DATA SECTION:
[Start of Attachment]
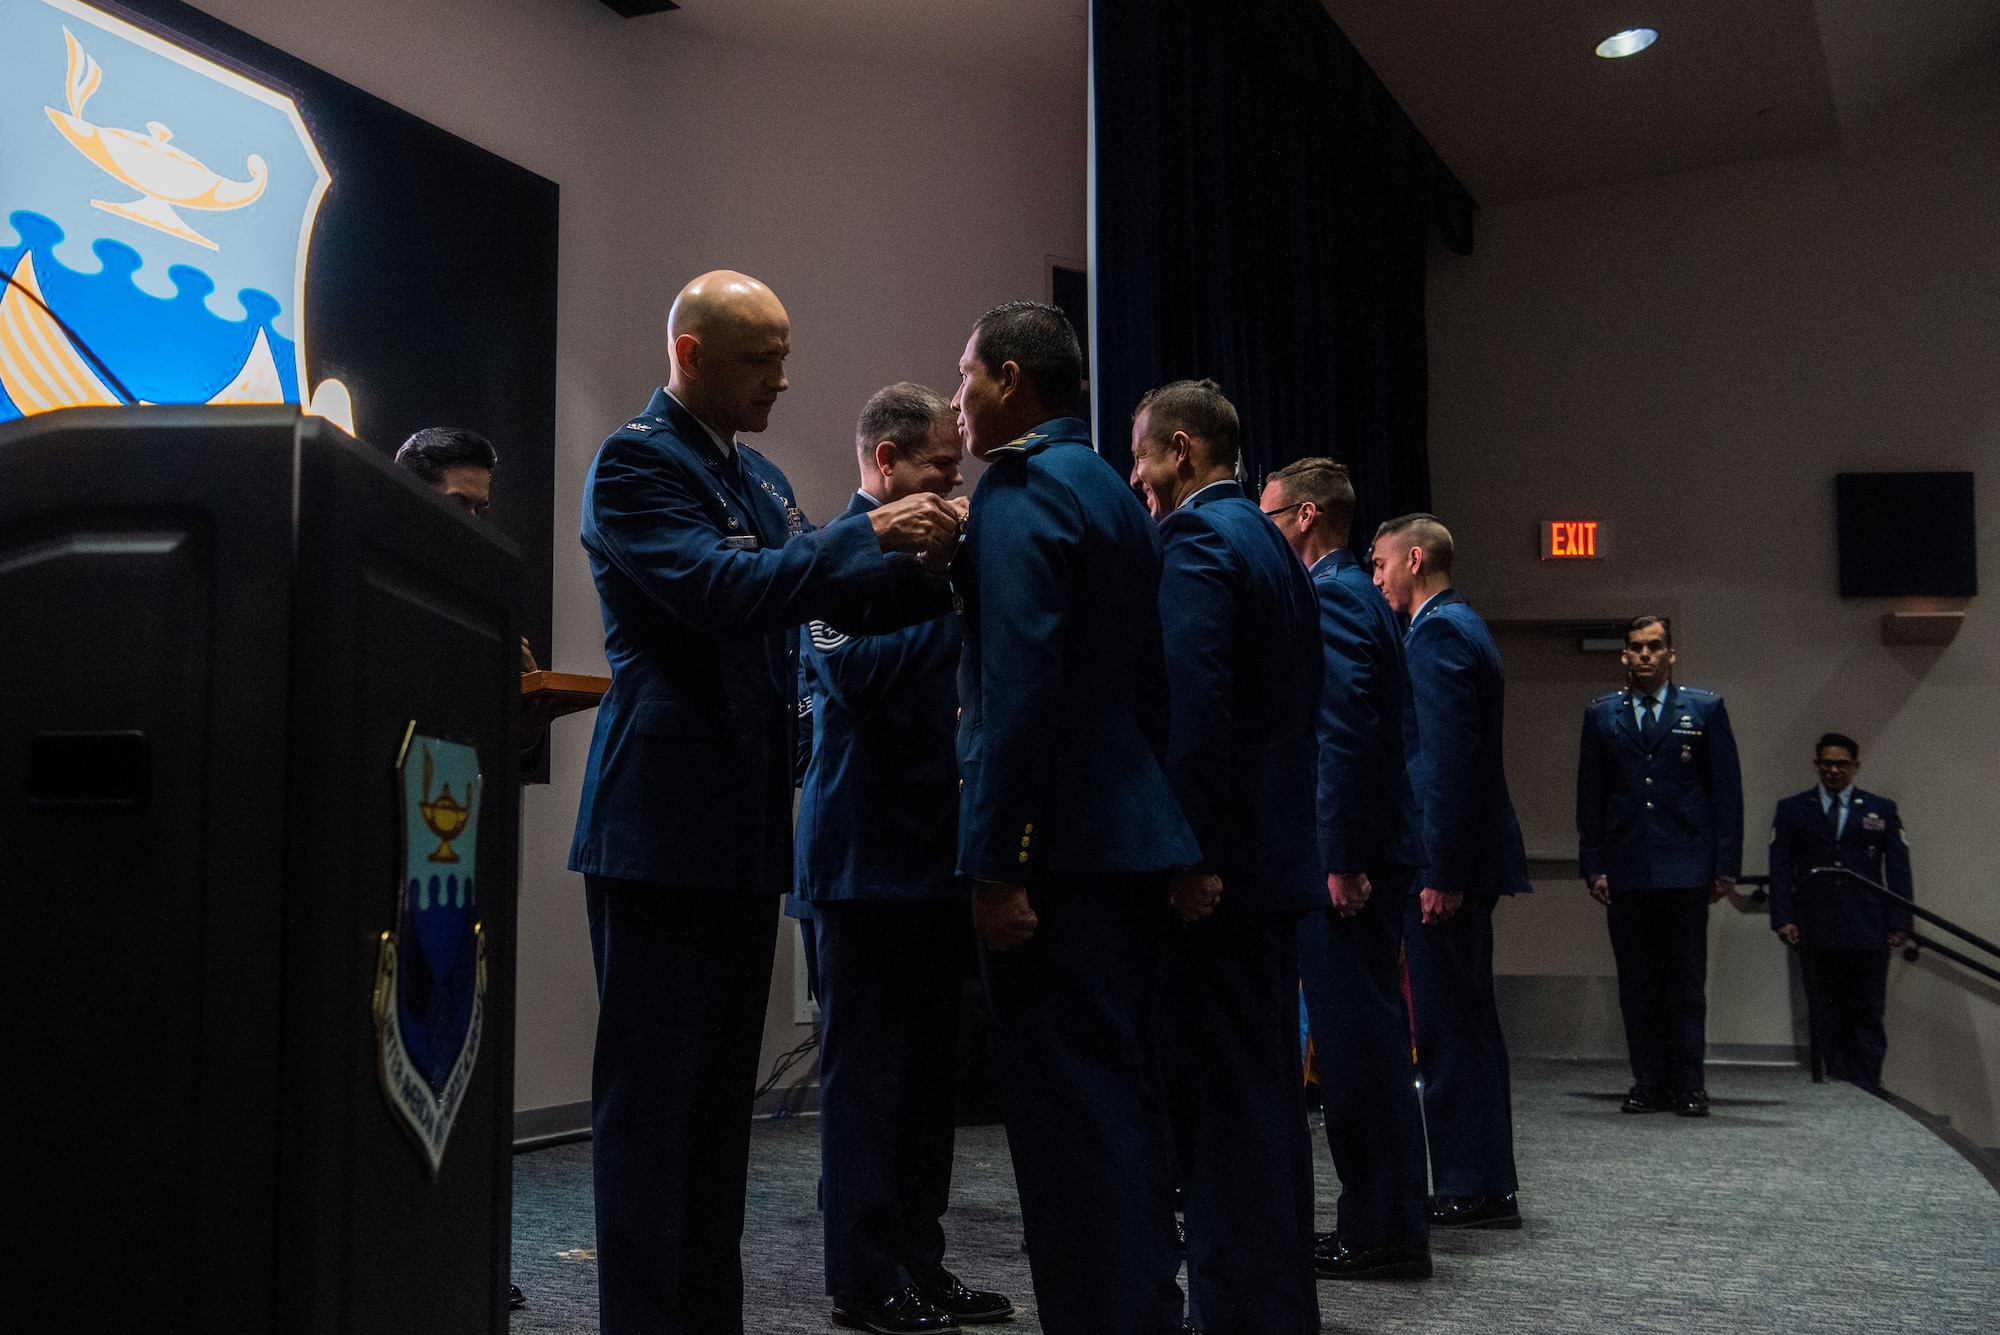 Col. José Jiménez, Jr., commandant of the Inter-American Air Forces Academy, pins international military student during IAAFA’s graduation banquet and 80th anniversary celebration, at San Antonio, Texas, April 26, 2023. More than 60 international military students from seven partner nations and the USAF graduated during the first training cycle of 2023. IAAFA provides instruction in professional military education and leadership, aircrew training and technical courses – all in Spanish. (U.S. Air Force photo by Vanessa R. Adame)
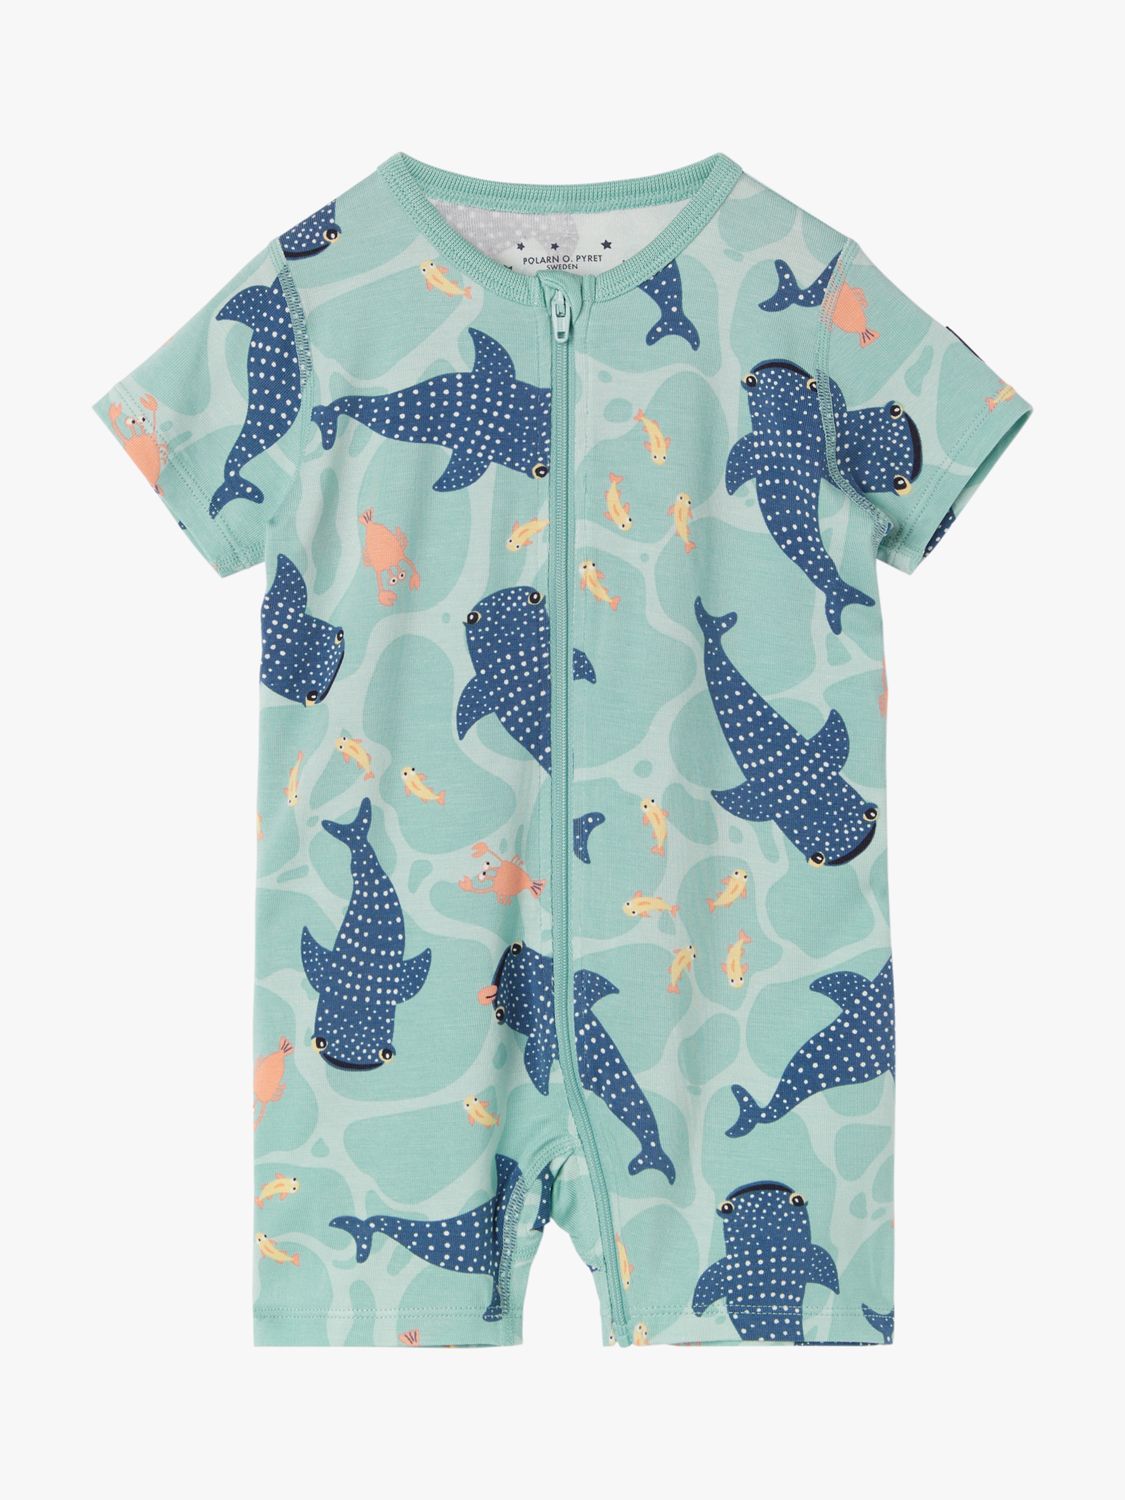 Polarn O. Pyret Baby Whale Print All-In-One Pyjamas, Blue, 0-2 months
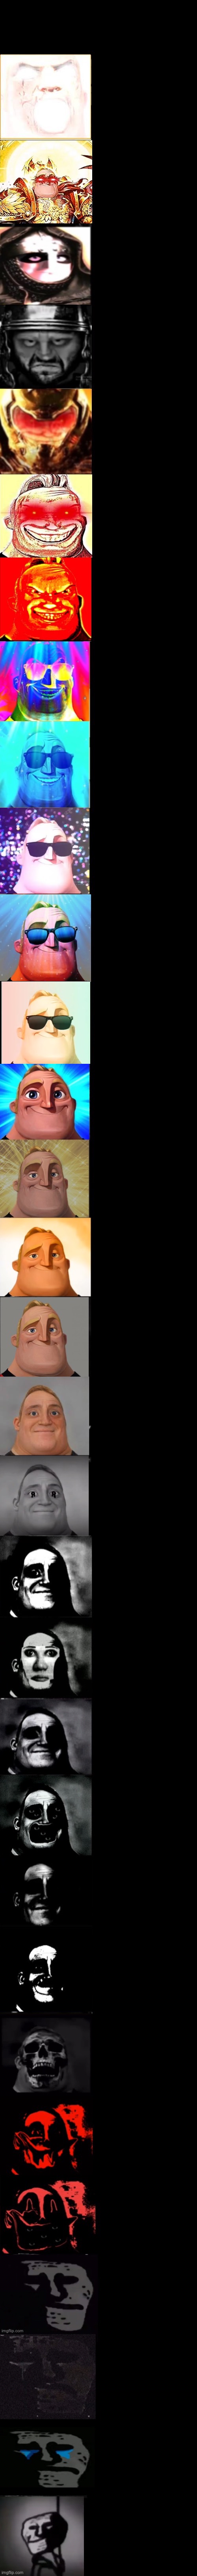 Mr Incredible Becoming Canny to Uncanny Super Extended Blank Meme Template
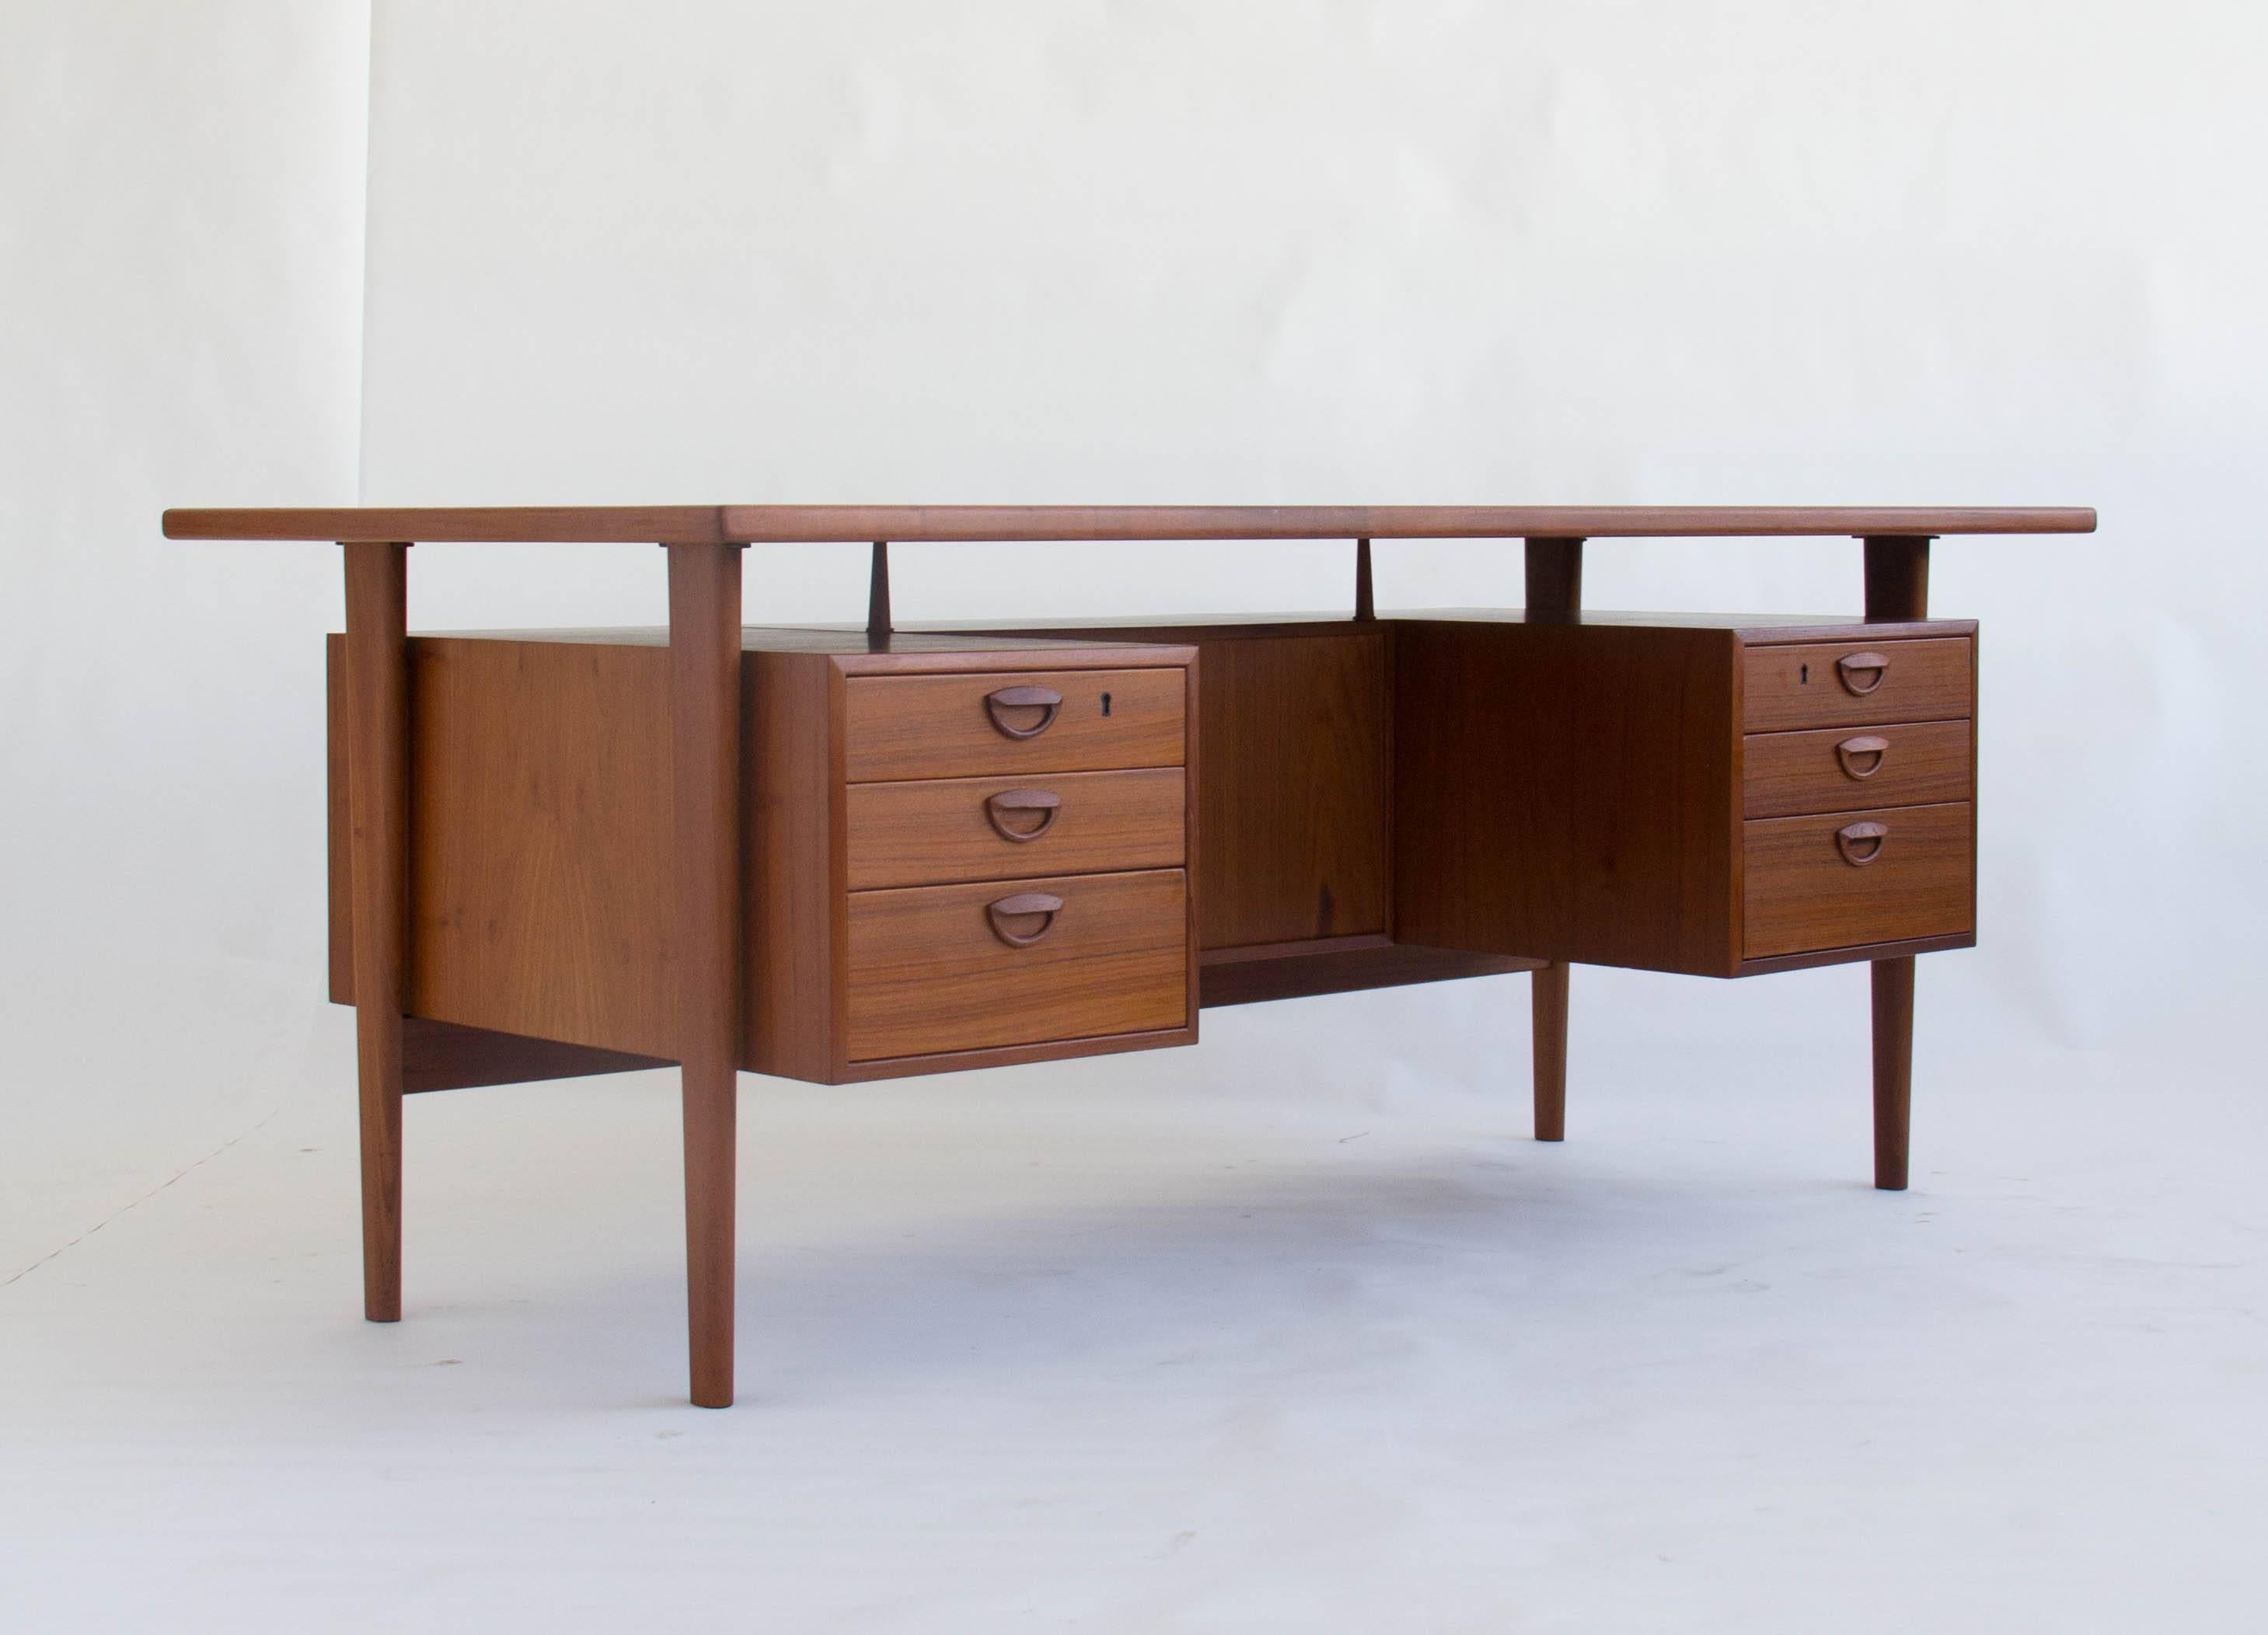 This striking floating teak desk by Kai Kristiansen features six drawers on the front side with handsome inset teak handles. On the back side of this desk there is one open section and two cabinet doors that contain storage compartments.
[End of Attachment]
Restate the material above word for word; pictures do not belong in the copy.

 Col. José Jiménez, Jr., commandant of the Inter-American Air Forces Academy, pins international military student during IAAFA’s graduation banquet and 80th anniversary celebration, at San Antonio, Texas, April 26, 2023. More than 60 international military students from seven partner nations and the USAF graduated during the first training cycle of 2023. IAAFA provides instruction in professional military education and leadership, aircrew training and technical courses – all in Spanish. (U.S. Air Force photo by Vanessa R. Adame)
 Polarn O. Pyret Baby Whale Print All-In-One Pyjamas, Blue, 0-2 months
 Mr Incredible Becoming Canny to Uncanny Super Extended Blank Meme Template
 This striking floating teak desk by Kai Kristiansen features six drawers on the front side with handsome inset teak handles. On the back side of this desk there is one open section and two cabinet doors that contain storage compartments.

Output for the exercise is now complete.